Welcome to PyGMQL’s documentation!¶
PyGMQL is a python module that enables the user to perform operation on genomic data in a scalable way.
Installation¶
Prerequisites¶
In order to use the library you need to have Java installed in your system. And, in particular, the environment variable JAVA_HOME must be setted to your current Java installation.
Using the github repository¶
You can install this library by downloading its source code from the github repository:
git clone https://github.com/DEIB-GECO/PyGMQL.git
and then using:
cd PyGMQL/
pip install -e .
This will install the library and its dependencies in your system.
Introduction¶
In this brief tutorial we will explain the typical workflow of the user of PyGMQL. In the github page of the project you can find a lot more example of usage of the library.
You can use this library both interactively and programmatically. We strongly suggest to use it inside a Jupyter notebook for the best graphical render and data exploration.
Importing the library¶
To import the library simply type:
import gmql as gl
If it is the first time you use PyGMQL, the Scala backend program will be downloaded. Therefore we suggest to be connected to the internet the first time you use the library.
Loading of data¶
The first thing we want to do with PyGMQL is to load our data. You can do that by calling the
gmql.dataset.loaders.Loader.load_from_path()
. This method loads a reference to a local gmql dataset in memory and
creates a GMQLDataset
. If the dataset in the specified
directory is already GMQL standard (has the xml schema file), you only need to do the following:
dataset = gl.load_from_path(local_path="path/to/local/dataset")
while, if the dataset has no schema, you need to provide it manually. This can be done by
creating a custom parser using BedParser
like in the following:
custom_parser = gl.parsers.BedParser(chrPos=0, startPos=1, stopPos=2,
otherPos=[(3, "gene", "string")])
dataset = gl.load_from_path(local_path="path/to/local/dataset", parser=custom_parser)
Writing a GMQL query¶
Now we have a dataset. We can now perform some GMQL operations on it. For example, we want to select samples that satisfy a specific metadata condition:
selected_samples = dataset[ (dataset['cell'] == 'es') | (dataset['tumor'] == 'brca') ]
Each operation on a GMQLDataset returns an other GMQLDataset. You can also do operations using two datasets:
other_dataset = gl.load_from_path("path/to/other/local/dataset")

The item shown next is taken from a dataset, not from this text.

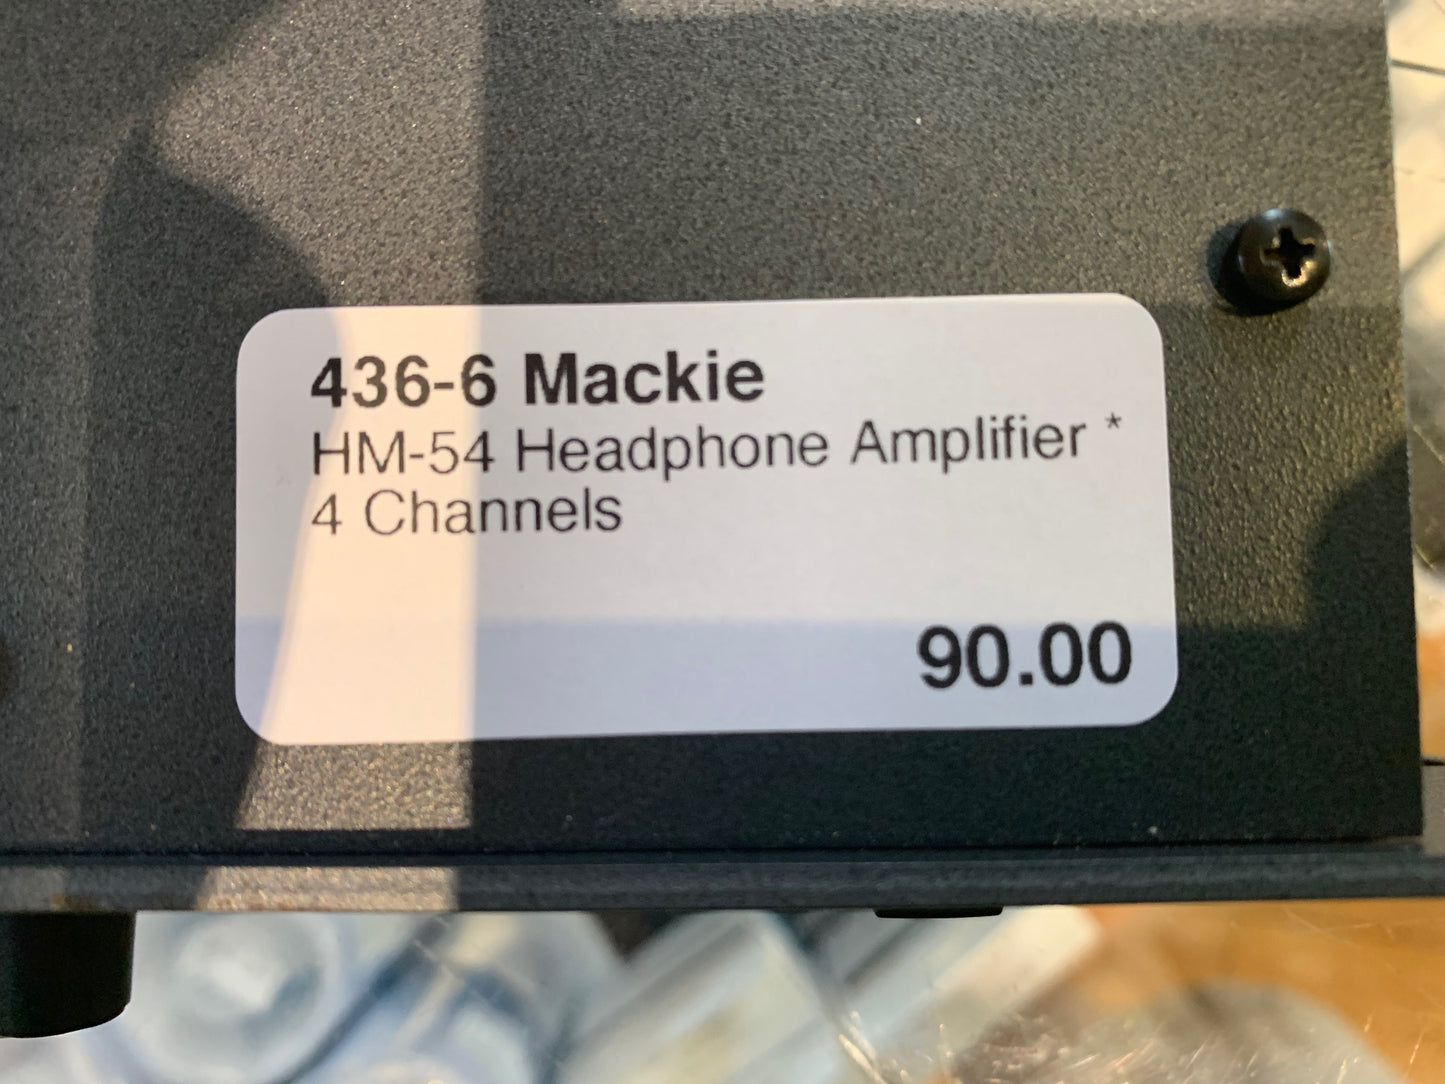 Mackie HM-54 Headphone Amplifier * 4 Channels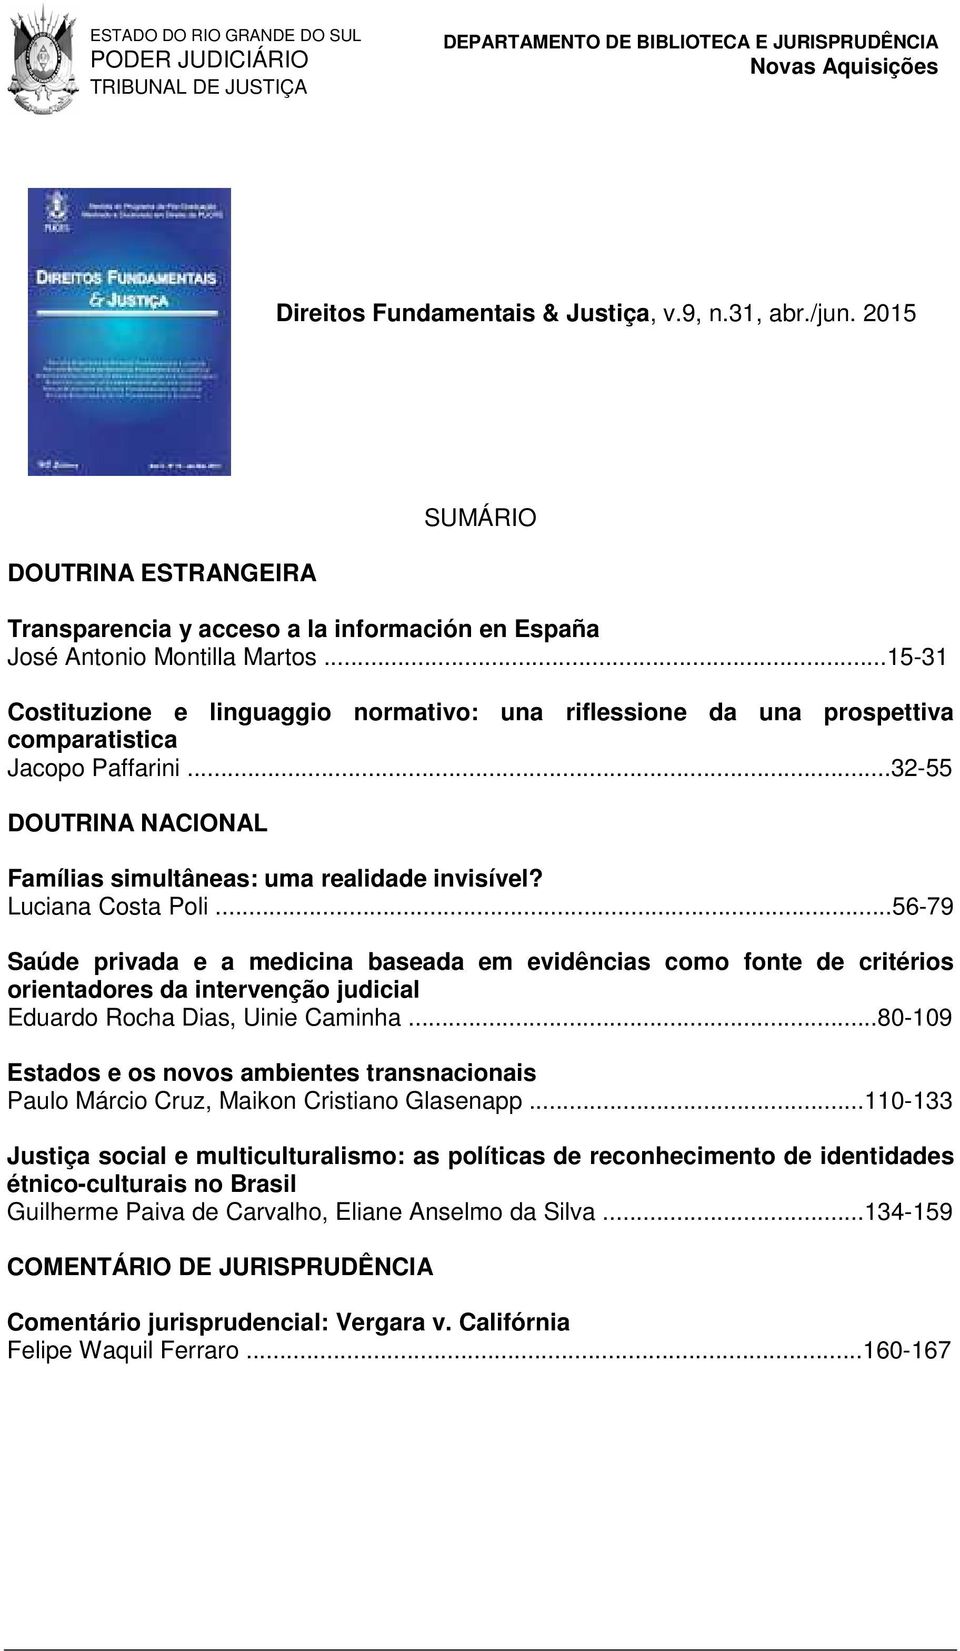 Luciana Costa Poli...56-79 Saúde privada e a medicina baseada em evidências como fonte de critérios orientadores da intervenção judicial Eduardo Rocha Dias, Uinie Caminha.

union_dataset = dataset.union(other_dataset) # the union
join_dataset = dataset.join(other_dataset, predicate=[gl.MD(10000)]) # a join
Materializing a result¶
PyGMQL implements a lazy execution strategy. No operation is performed until a materialize operation is requested:
result = join_dataset.materialize()
If nothing is passed to the materialize operation, all the data are directly loaded in memory without writing the result dataset to the disk. If you want also to save the data for future computation you need to specify the output path:
result = join_dataset.materialize("path/to/output/dataset")
The result data structure¶
When you materialize a result, a GDataframe
object is returned.
This object is a wrapper of two pandas dataframes, one for the regions and one for the metadata.
You can access them in the following way:
result.meta # for the metadata
result.regs # for the regions
These dataframes are structured as follows:
- The region dataframe puts in every line a different region. The source sample for the specific region is the index of the line. Each column represent a field of the region data.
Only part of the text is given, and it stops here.